Since Utz Brands embarked on its continuous improvement program a dozen years ago, the Hanover, Pa.-based snack producer hasn’t looked back.

“At one point 12 years ago, there was one person in the entire company dedicated to continuous improvement,” recalled Tucker Lawrence, the company’s executive vice president and chief supply chain officer. “Now we have a team of 10 people that are solely focused on it.”

Overall, he said, continuous improvement contains three integrated pillars. First, it’s about the people and the process, specifically training longtime employees on lean manufacturing and the principles of Six Sigma. The next pillar involves equipment performance and reliability from a reactive maintenance approach to a preventative one. The final part ties quality and food safety to the total production maintenance approach and Safe Quality Food certification.

“We’re creating consistency from one batch to another, one production line to another and one plant to another,” Mr. Lawrence said. “You’re never done with continuous improvement, and there’s always opportunity out there.”
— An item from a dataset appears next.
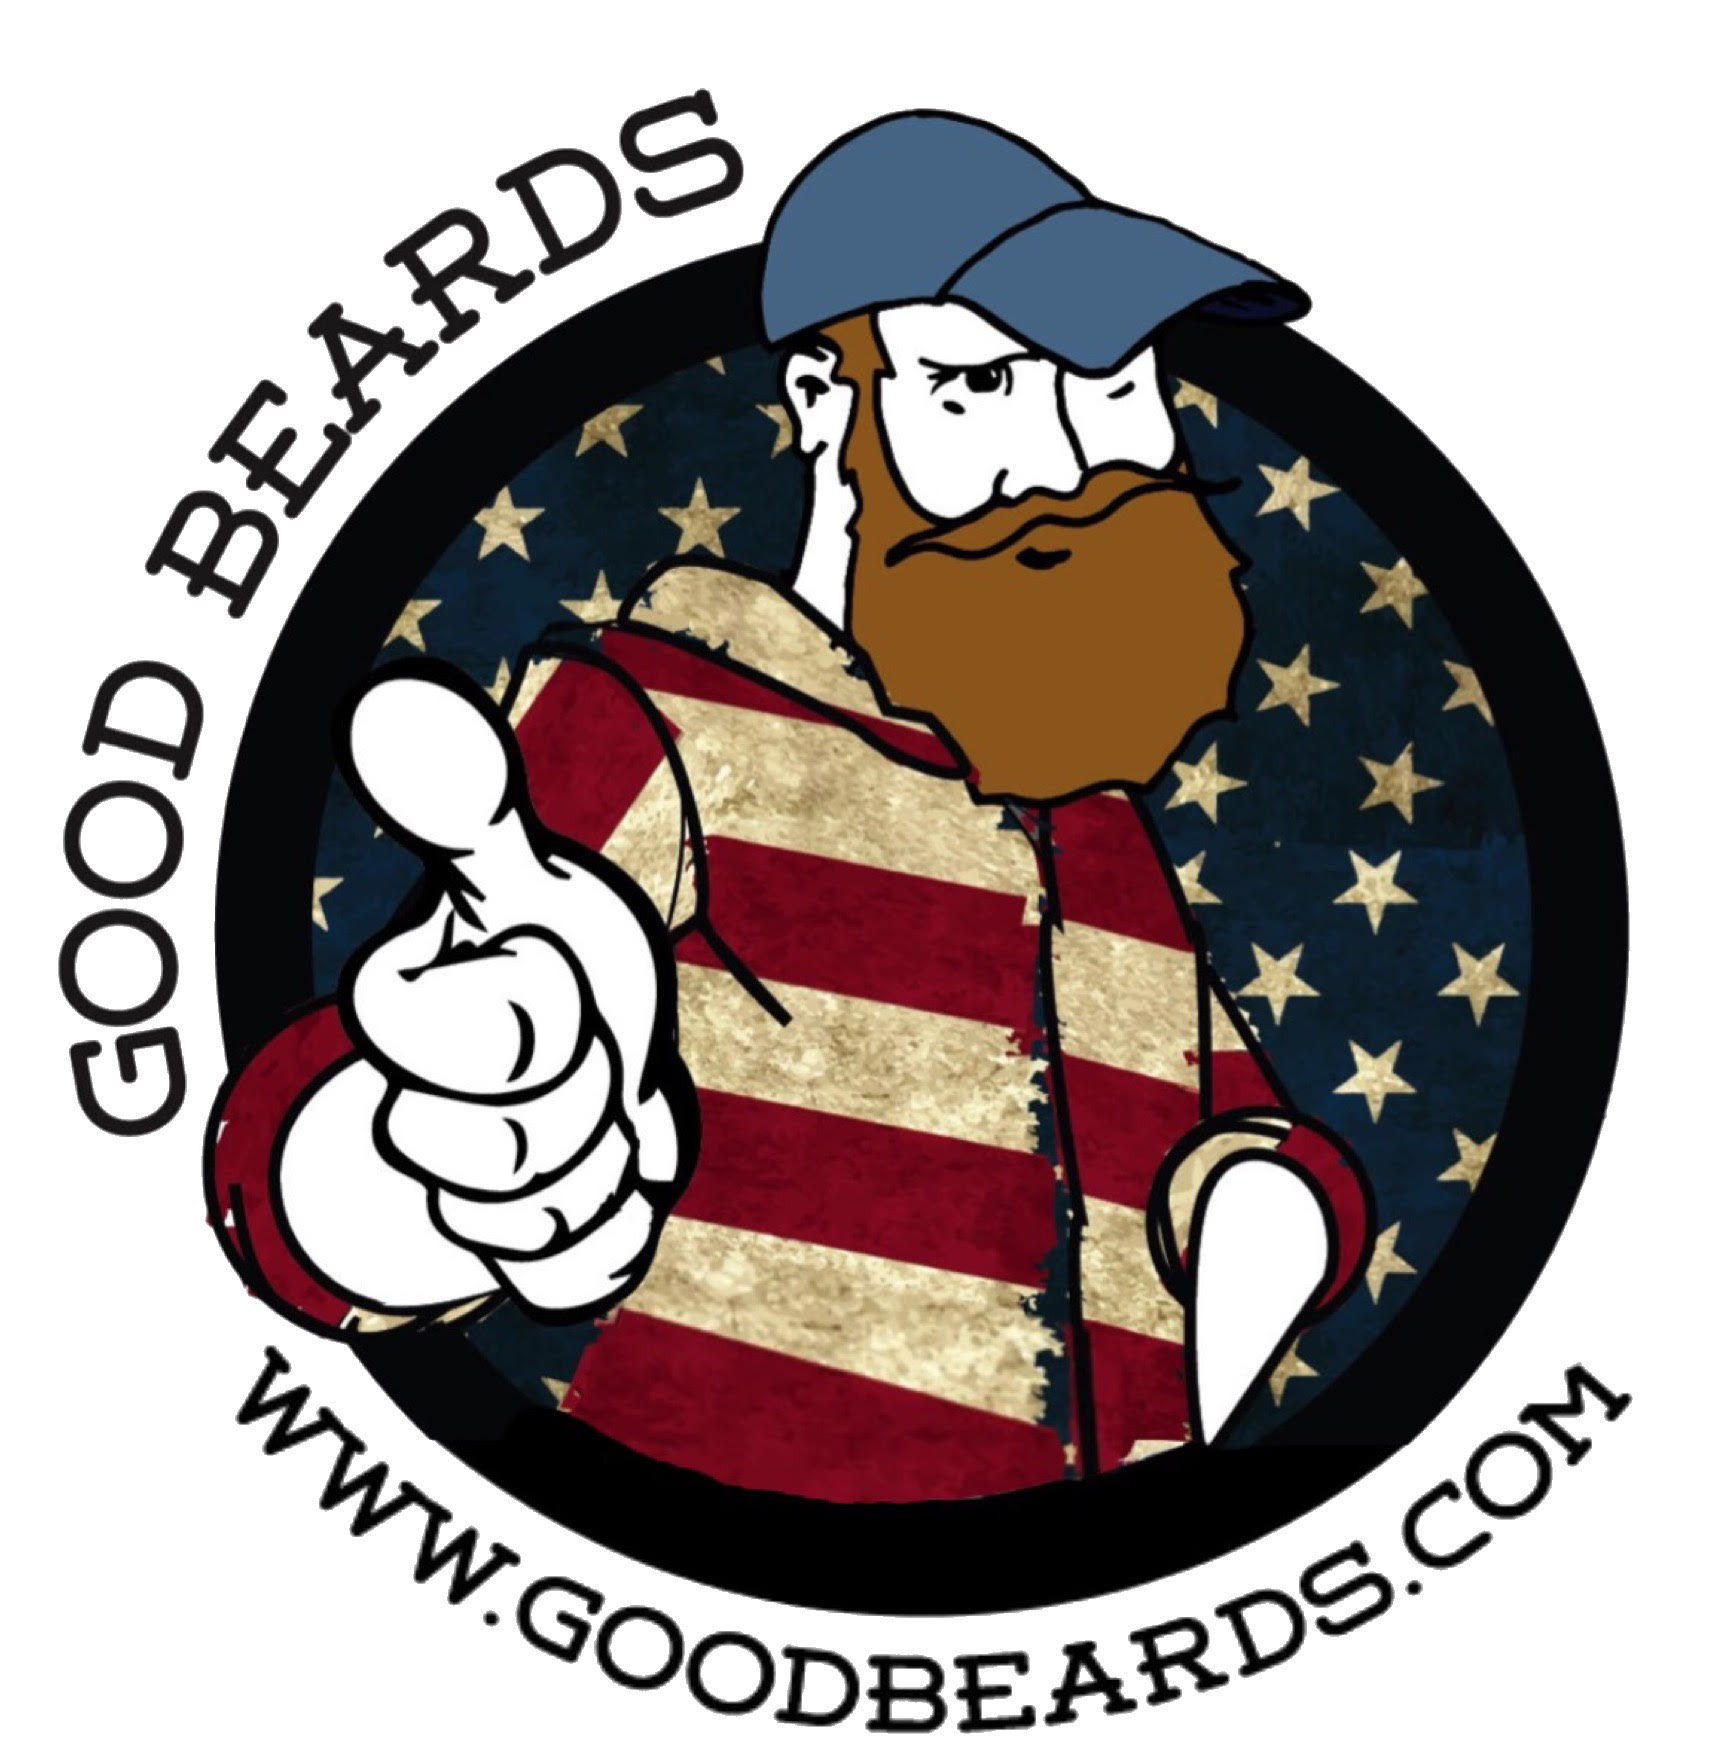 goodbeards logo.jpg

Specifically, the company’s plants rely on Redzone, a manufacturing execution system that provides real-time performance data by measuring key performance indicators such as downtime, production rates, flavor consistency and other factors to enhance efficiency and identify the root cause of operational issues. He said the next continuous improvement step will be implementing its reliability model that measures equipment performance metrics to help determine why a certain machine has so many work orders or needs additional replacement parts.

Through continuous improvement bakeries and snack producers can control costs better while offering consumers higher quality, consistent products.